Background
Nasopharyngeal carcinoma (NPC) is an aggressive type of head and neck malignancy arising from nasopharyngeal epithelium [
1]. Currently, NPC patients are still suffering from the unsatisfactory 5-year survival rate which is around 50–70% [
2]. In particular, incidence of NPC is the highest in China, and NPC patients in China are becoming younger in average age [
3]. NPC progression is known to be deeply associated with genetic and epigenetic abnormalities [
4]. Hence, better elucidating of molecular mechanism underlying NPC development is helpful to explore the potential strategies for NPC patients.

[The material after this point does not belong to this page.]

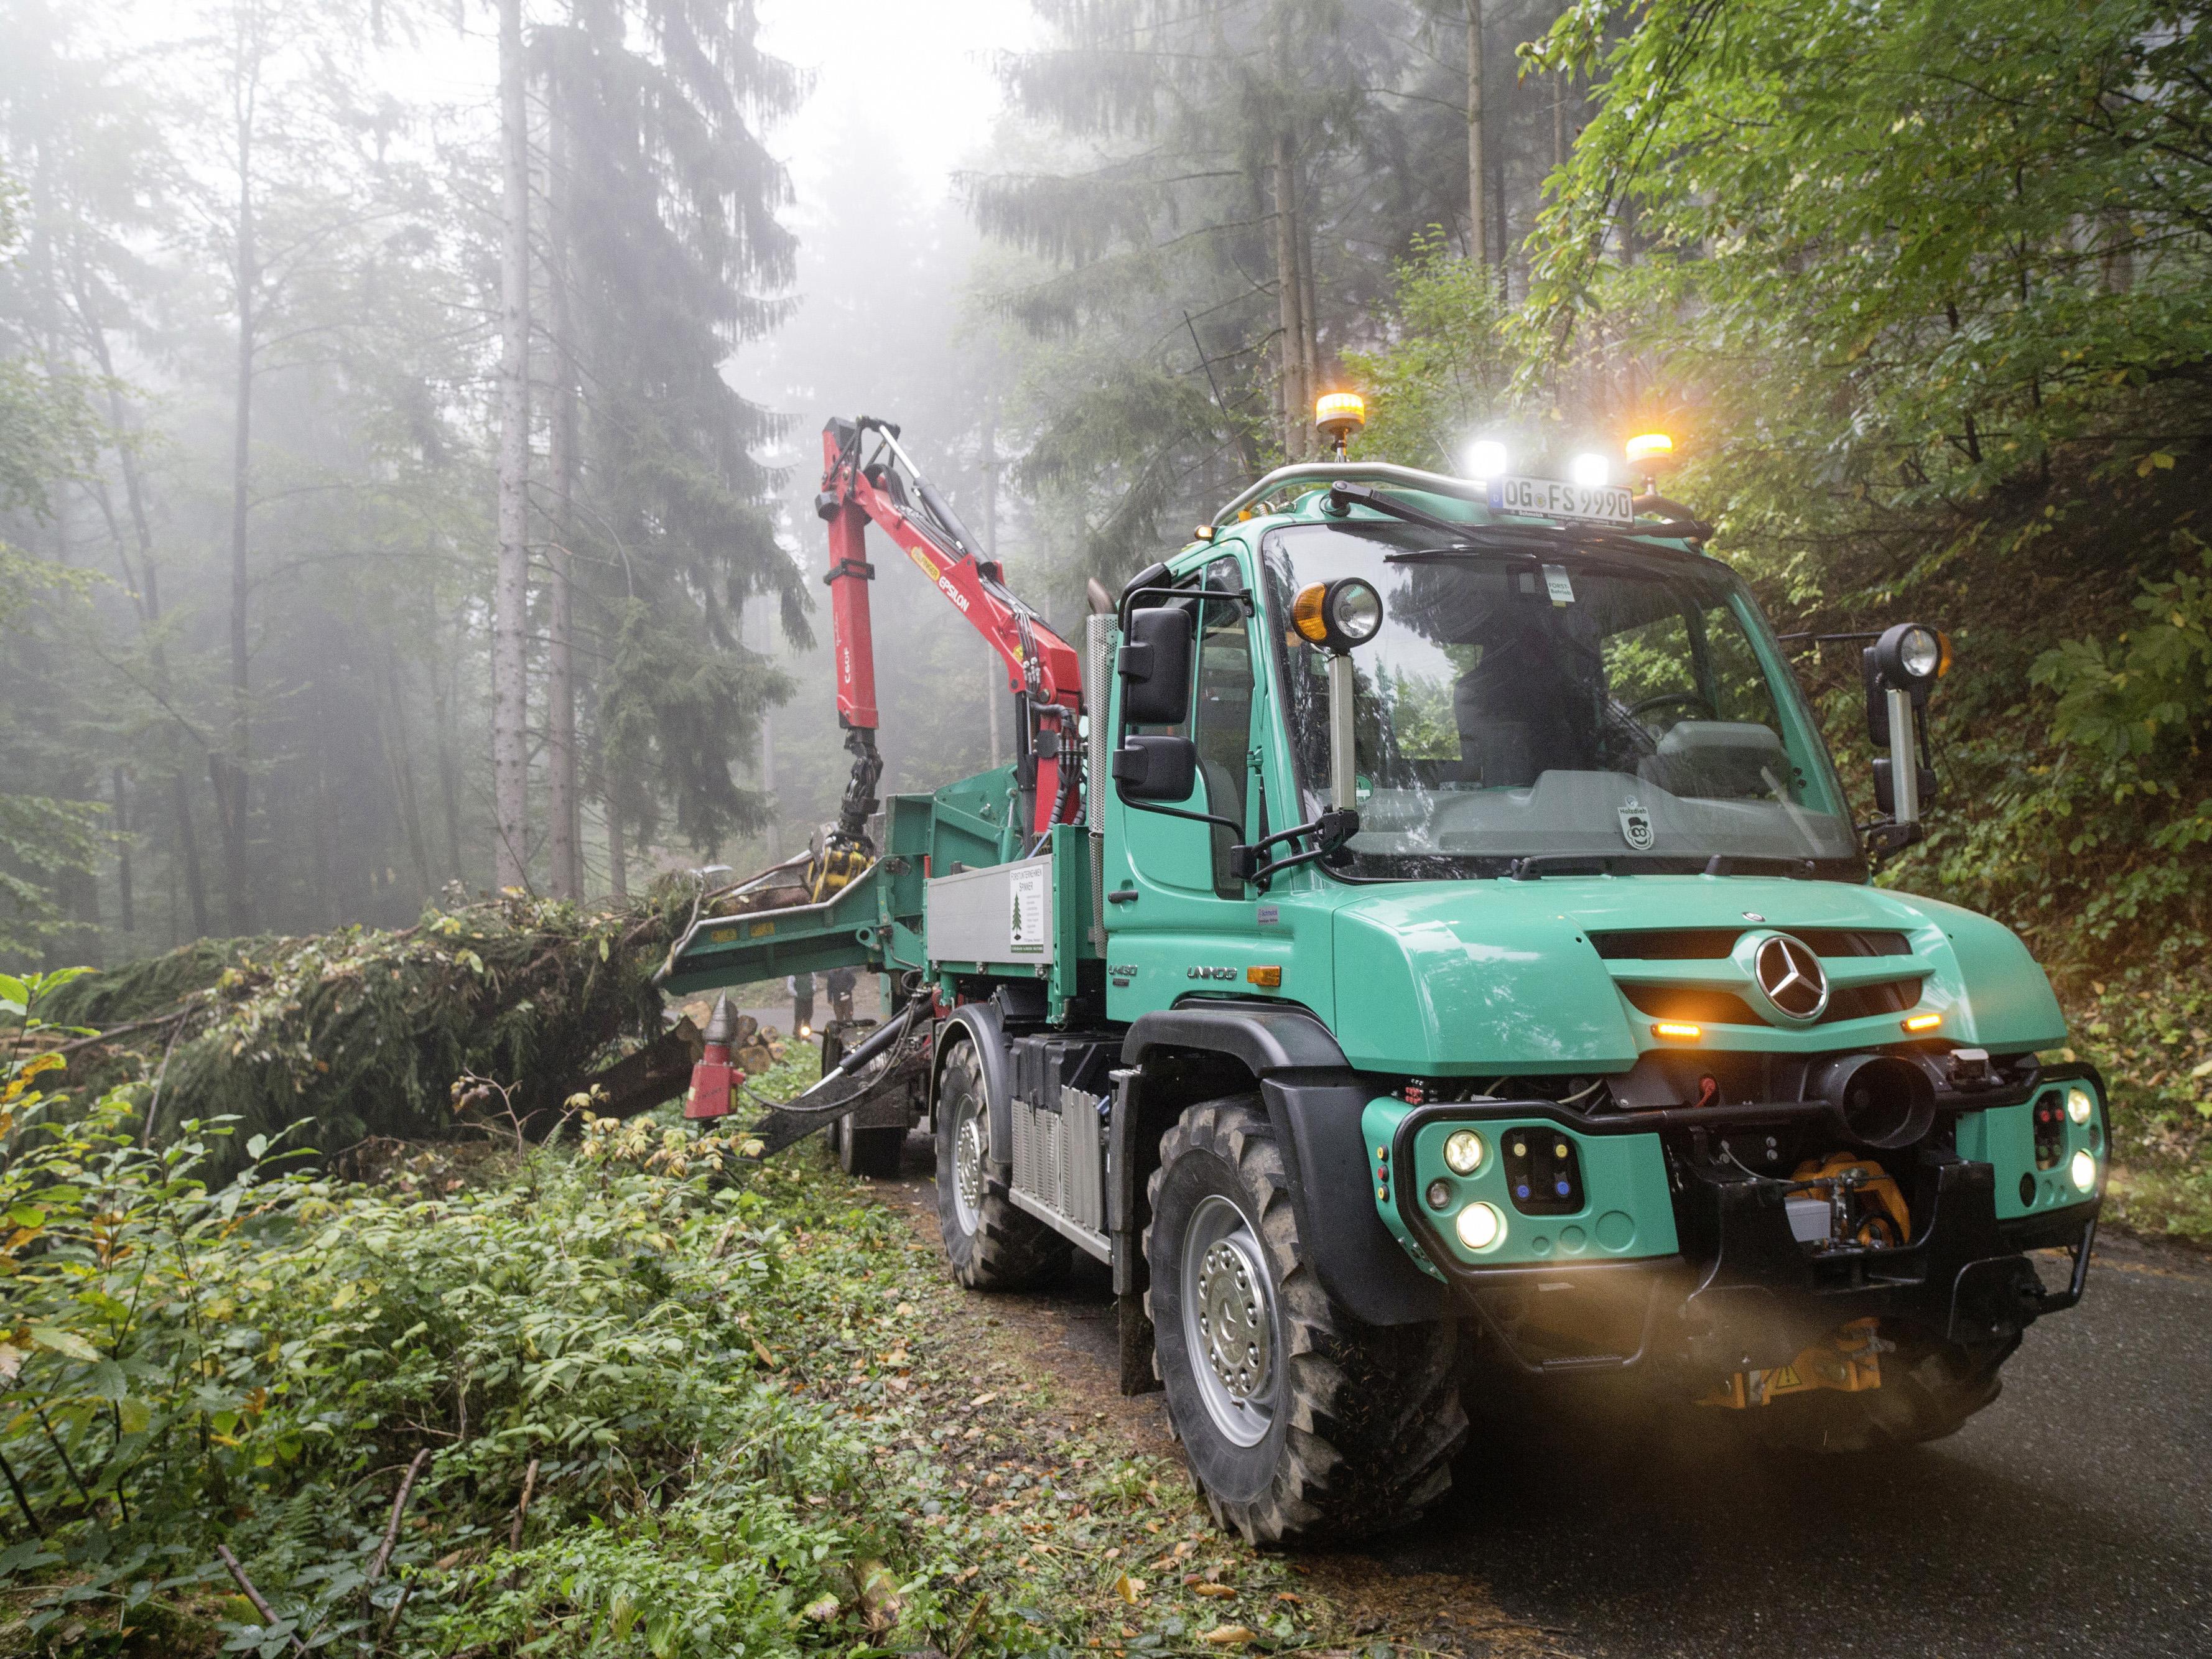 Mercedes-Benz demonstriert auf der Fachmesse für Forsttechnik in Roding Vielseitigkeit und Effizienz des Unimog Geräteträgers

Long non-coding RNAs (lncRNAs) are characterized as a set of non-coding RNAs (ncRNAs) with more than 200 nucleotides in length [
5]. Large numbers of studies have delineated that lncRNAs function as oncogenes or tumor suppressors in human cancer development [
6]. Furthermore, numerous lncRNAs have been reported in NPC progression. For example, lncRNA AFAP1-AS1 regulated miR-423-5p/Rho/Rac axis to aggravate NPC metastasis [
7]. LncRNA UCA1 aggravated proliferation, migration and invasion of NPC cells through regulating miR-145 [
8]. In this study, we aimed to explore the role of a novel functional lncRNA in NPC. LncRNA MSC antisense RNA 1 (MSC-AS1), with a length of 4802 bp, was reported to indicate poor recurrence-free survival in hepatocellular carcinoma (HCC) [
9], function as a tumor facilitator in pancreatic cancer [
10], and regulate osteogenic differentiation [
11]. Through GEPIA (
http://gepia.cancer-pku.cn/), lncRNA MSC-AS1 was highly expressed in head and neck squamous cell carcinoma (HNSC) samples and associated with poor overall survival of patients. Owing to NPC is a kind of head and neck cancer [
7,
12,
13], we explored whether MSC-AS1 is associated with the progression of NPC.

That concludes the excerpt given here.